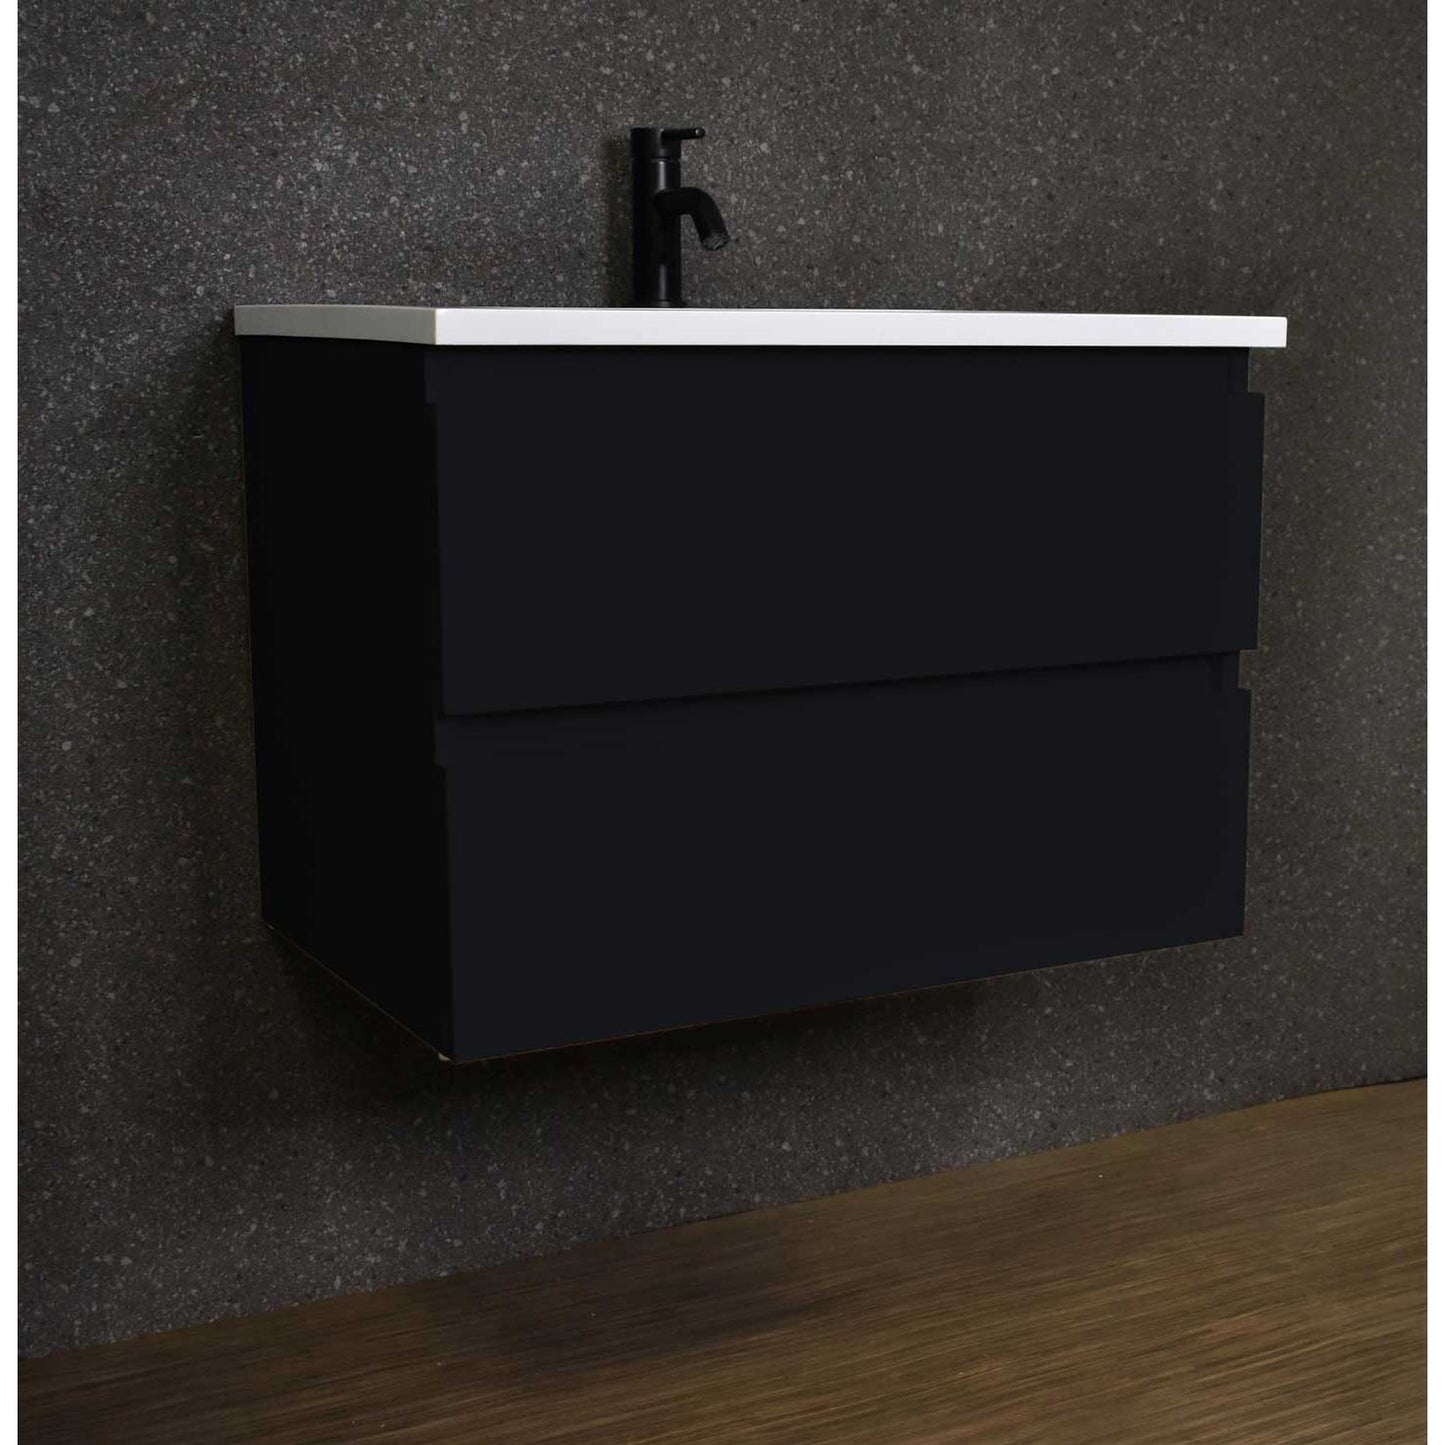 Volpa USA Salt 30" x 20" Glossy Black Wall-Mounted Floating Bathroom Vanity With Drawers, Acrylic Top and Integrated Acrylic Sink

——

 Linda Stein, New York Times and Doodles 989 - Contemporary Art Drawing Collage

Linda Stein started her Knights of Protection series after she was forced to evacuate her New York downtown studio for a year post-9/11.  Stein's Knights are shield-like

——

Wherever the string "York" occurs in the listing, return the line it sits on.

 Linda Stein, New York Times and Doodles 989 - Contemporary Art Drawing Collage
Linda Stein started her Knights of Protection series after she was forced to evacuate her New York downtown studio for a year post-9/11.  Stein's Knights are shield-like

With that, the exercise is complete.